The Fourier Ptychographic Microscopy (FPM) so far in Ganapati’s lab has been performed with a flat 32×32 LED array.  With a flat array, you can light up one LED at a time to acquire different illumination angles for imaging. However, there are many disadvantages to the current flat LED array set-up. For example, one major issue  regarding the flat LED array is that it is programmed by Arduino, which does not contain memory. When we tried to reprogram the array to light up random multiplexed patterns of LEDs rather than one LED at a time (a change that could greatly reduce data acquisition time), we were unable to do so because the Arduino could not store information on the location of the LED coordinates. In addition, the flat LED is not very bright and contains smaller illumination angles, producing low resolution images that contain less intensity information and therefore decreases the space-bandwidth product (SBP) of the FPM reconstructed images.

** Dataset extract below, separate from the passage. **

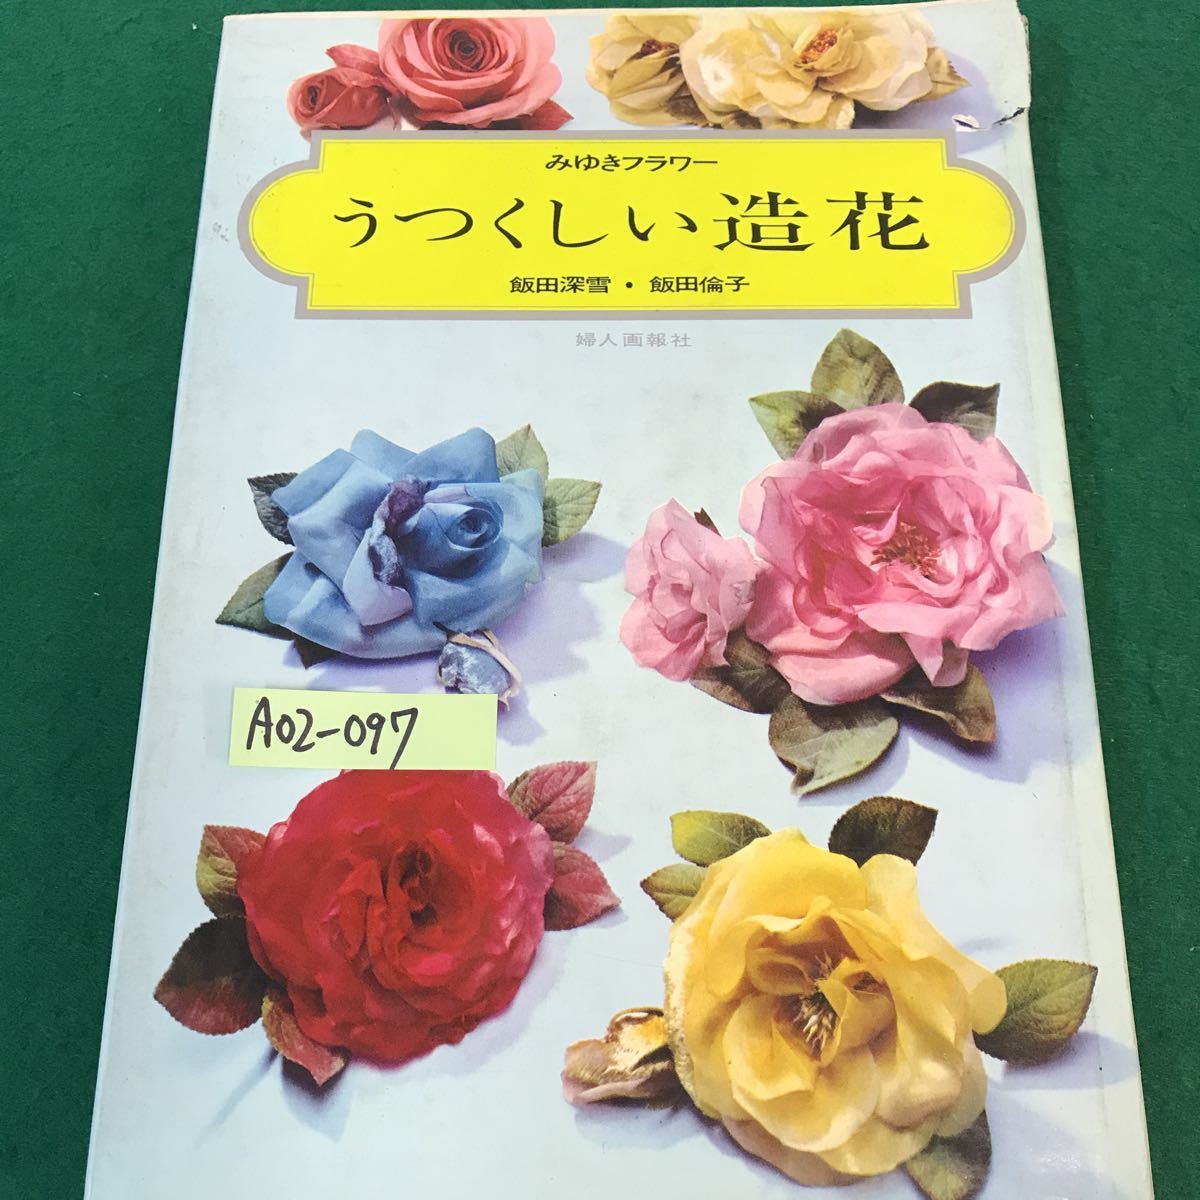 A02-097... flower *.. comb . artificial flower. author *. rice field deep snow *. rice field Michiko. woman .. company. Showa era 47 year 5 month 15 day two 10 7 issue. issue person *book@. confidence male.

By replacing the flat LED array with an LED dome purchased from Spectral Coded Illumination (Sci), many improvements could be made to our current FPM procedure.  We can easily program the dome to produce random multiplexed patterns of LEDs because the LED can be programmed directly through Python, a much more robust and easy-to-use software than Arduino that can easily store information. In addition, each LED is assigned a specific number rather than a x-y coordinate position, making it easier to write programs that access certain LEDs.

Because of the sloped sides of the array, which produces a dome shape, the LED dome can produce much higher angles for dark field illumination, allowing for increased intensity information of images and thus increasing the SBP of the reconstructed high resolution image. In addition, the LED dome is much brighter than the flat LED array, also contributing to higher quality images and better data for reconstruction. Finally, the dome is programmed to sweep through and illuminate LEDs  at a much faster rate than the flat array, significantly reducing data acquisition time.

Once we received the LED dome, we proceeded to download the necessary programs and become familiarized with the various commands for the dome. For instance, the command ‘bf’ illuminates only the brightfield LEDs, which are the LEDs located at low illumination angles and located directly above in sample in the flat roof of the dome. Other examples of commands are shown but not limited to the list below:

‘df’    illuminates only the dark field LEDs.

‘ff’     illuminates all LEDs in the array

‘sb.[r].[g].[b]’   sets the brightness of the array

‘scf’       lights up each LED in the array individually. Takes less than 1 minute to fully scan.

‘x’ clears the array

In the next few days we plan to learn more about setting up the hardware trigger modes for direct communication between the PCO camera and dome. We also plan to design and create a way to mount the LED dome onto the microscope so that we can allow for an automated stage. Currently with our flat LED array, we have the array attached to the stage, confining the lab group to manually moving the slides with our hands rather than having a more precise automated stage system.